I thought about the books I could be reading. And which ones I wanted to read first. I thought about the movies I hadn't watched yet and the ones I wanted to watch again.

Then I felt it. It wasn't a flutter, or gas. It wasn't quite like a poke and it definitely wasn't round ligament pain. It felt like a little muscle twitch, from the inside. It was a curious feeling. And I only felt it once that night but I have felt it since. Could it be my lil' bean saying hello? I'd like to think so, but I can't be sure. Not yet anyways.

After that, I wasn't so worried about getting to sleep. I started to think back about the last 18 weeks and how being pregnant had only felt like a dream. I was remembering those first couple of weeks in limbo. Not knowing if I was pregnant, and all I could do was wait and wonder. Then came the excitement of telling Paul that we were going to be parents. We were both so happy.

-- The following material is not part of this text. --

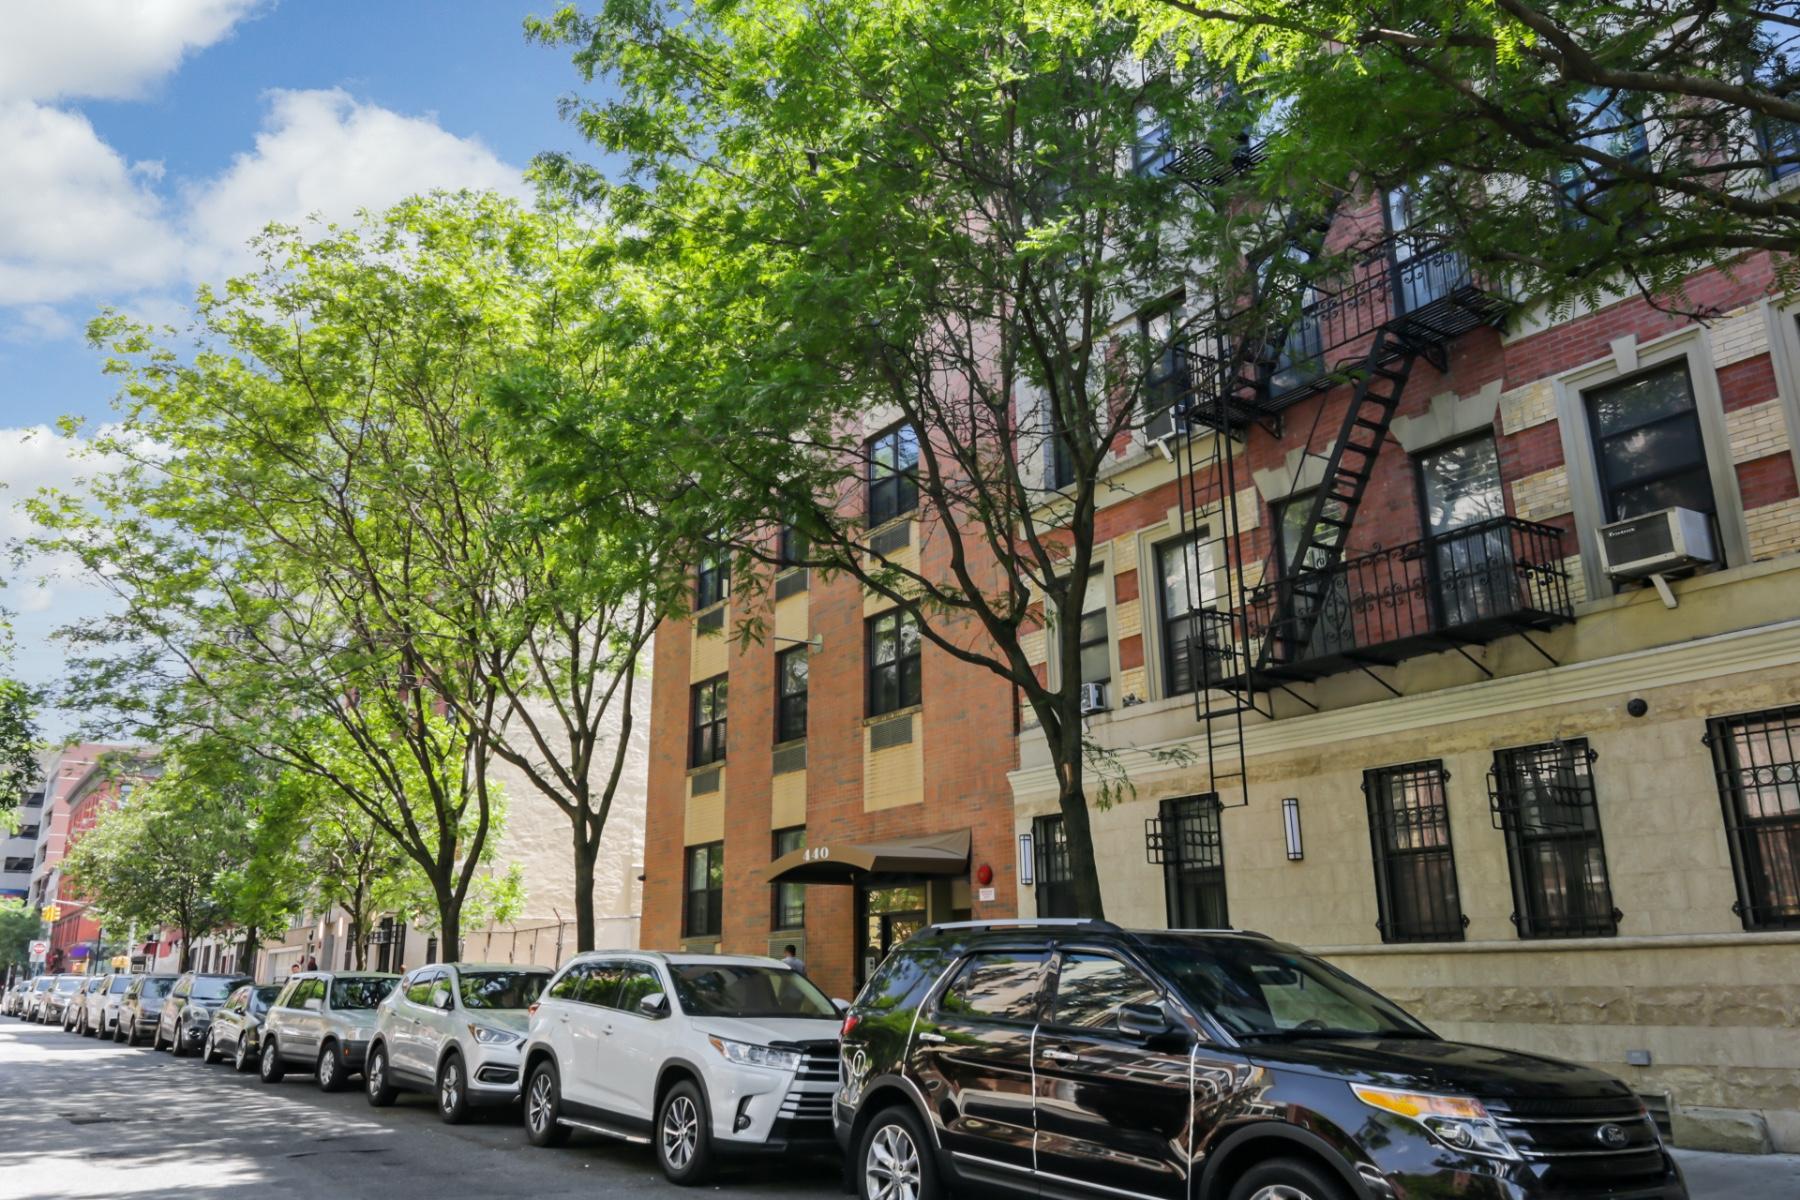 440 East 117th Street East Harlem New York NY 10035

As the next few weeks went by, it had been hard not telling anybody. The thought of having a person developing & growing inside me was so foreign that I would sometimes wonder if it could be true. After all, I didn't look or feel any different except for being extra tired some days. But time passes, as it always does and I got used to thinking of myself as a nurturer.
As a person responsible for the growth and well being of another.
I had started seeing myself as a mother.

Now, with each passing week, thinking of my lil' bean puts an even bigger smile on my face. And the best thing about all this is that I've got someone very special to share it with.

This week my lil' bean is the size of a bell pepper. All the organs are in place and will be getting more mature here on out. His/her translucent skin is now covered in lanugo and vernix will soon be on the way. The skin has actually formed into two layers this week, the epidermis and the dermis. Taste buds are starting to form and the bones are continuing to harden. Just a few more weeks and I'll get to see my lil' bean again!